# Suche: EL6631 Klemme leihweise für ca. 4 Wochen



## oliver.tonn (15 Juli 2021)

Hallo,
hat hier einer eine EL6631 Profinet Klemme rumliegen und wäre bereit mir diese für ca. 4 Wochen zu leihen. Bei Beckhoff ist schon seit längerem eine bestellt, kommt aber erst im August, aber jetzt wird sie kurzfristig benötigt.


----------



## DeltaMikeAir (15 Juli 2021)

Vielleicht kannst du dir diese verhältnismäßig günstig ergattern, ansonsten kann ich dir leider nicht helfen.
https://www.ebay.de/itm/255052488454?epid=1548773771&hash=item3b62501f06:g:-E0AAOSwNkRg7aJi


----------



## oliver.tonn (15 Juli 2021)

DeltaMikeAir schrieb:


> Vielleicht kannst du dir diese verhältnismäßig günstig ergattern, ansonsten kann ich dir leider nicht helfen.
> https://www.ebay.de/itm/255052488454?epid=1548773771&hash=item3b62501f06:g:-E0AAOSwNkRg7aJi


Danke, ist nicht für mich, sondern mein aktueller Auftraggeber braucht die und ich wollte versuchen zu helfen. So Sachen wie Ebay scheidet da eventuell aus.


----------



## DeltaMikeAir (15 Juli 2021)

oliver.tonn schrieb:


> Danke, ist nicht für mich, sondern mein aktueller Auftraggeber braucht die und ich wollte versuchen zu helfen. So Sachen wie Ebay scheidet da eventuell aus.


Ja, sehe ich auch so. Im Notfall ist es ja ok.

Hast du dich mal direkt an den Beckhoff Vertrieb gewendet, telefonisch?
Ich brauchte auch mal ganz dringend 2 Klemmen und mir wurden 2-4 Wochen LZ mitgeteilt.
Nach dem Anruf hatte ich die Klemmen dann am nächsten Tag per Express.

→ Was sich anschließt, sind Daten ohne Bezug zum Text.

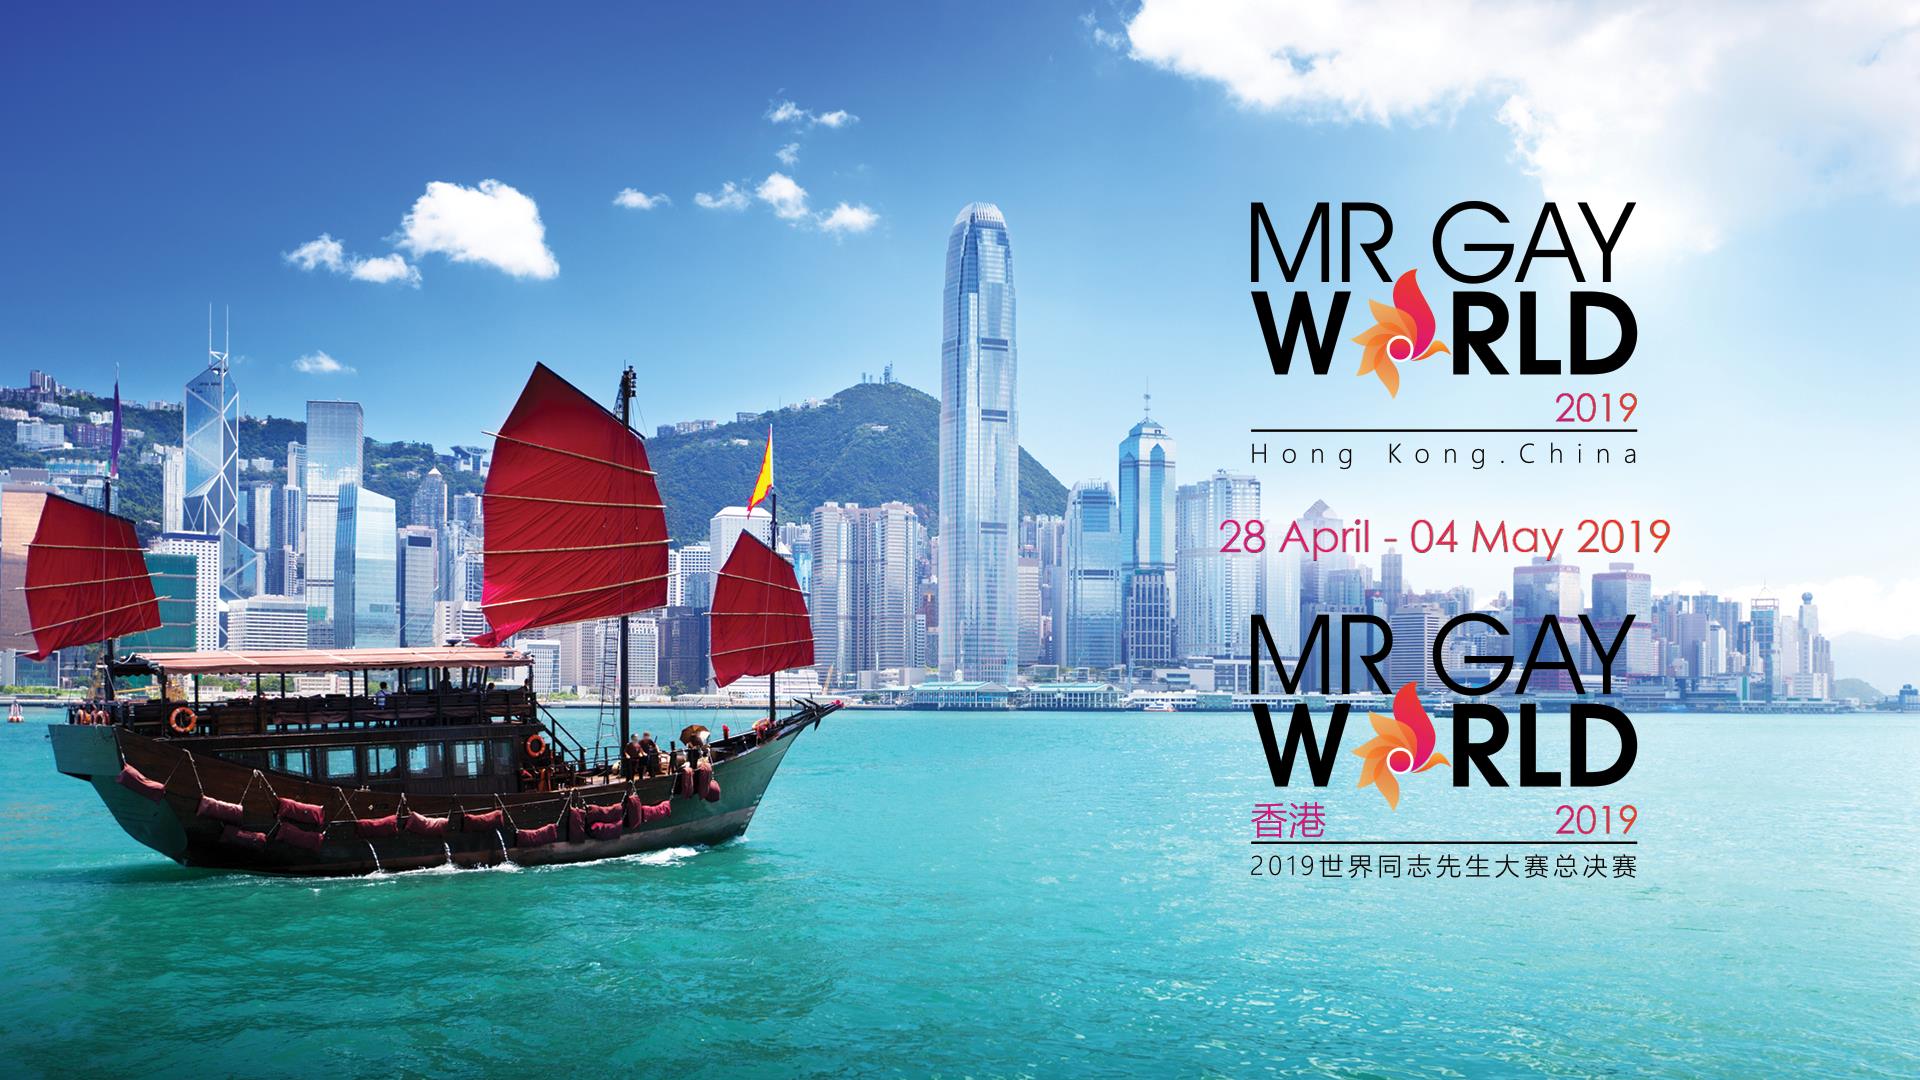 Chinese ‘clampdown’ on LGBTI events forces Mr Gay World 2019 out of Hong Kong

Anscheinend haben sie immer noch einen Lagerbestand, der für "Notfälle" gehalten wird und nicht
zum regulären Verkauf.


----------



## oliver.tonn (15 Juli 2021)

DeltaMikeAir schrieb:


> Ja, sehe ich auch so. Im Notfall ist es ja ok.
> 
> Hast du dich mal direkt an den Beckhoff Vertrieb gewendet, telefonisch?
> Ich brauchte auch mal ganz dringend 2 Klemmen und mir wurden 2-4 Wochen LZ mitgeteilt.
> ...


Ja, habe ich, leider ohne Erfolg.


----------



## Captain Future (16 Juli 2021)

Ja das mit dem Material ist ein echtes Problem.
ich hatte die Tage ein Schreiben der Firma SICK auf dem Tisch. Der letzte Satz war:
“Lieferzeiten von 50 Wochen sind keine Ausnahme“

Bin mal gespannt wie das weiter geht……..


----------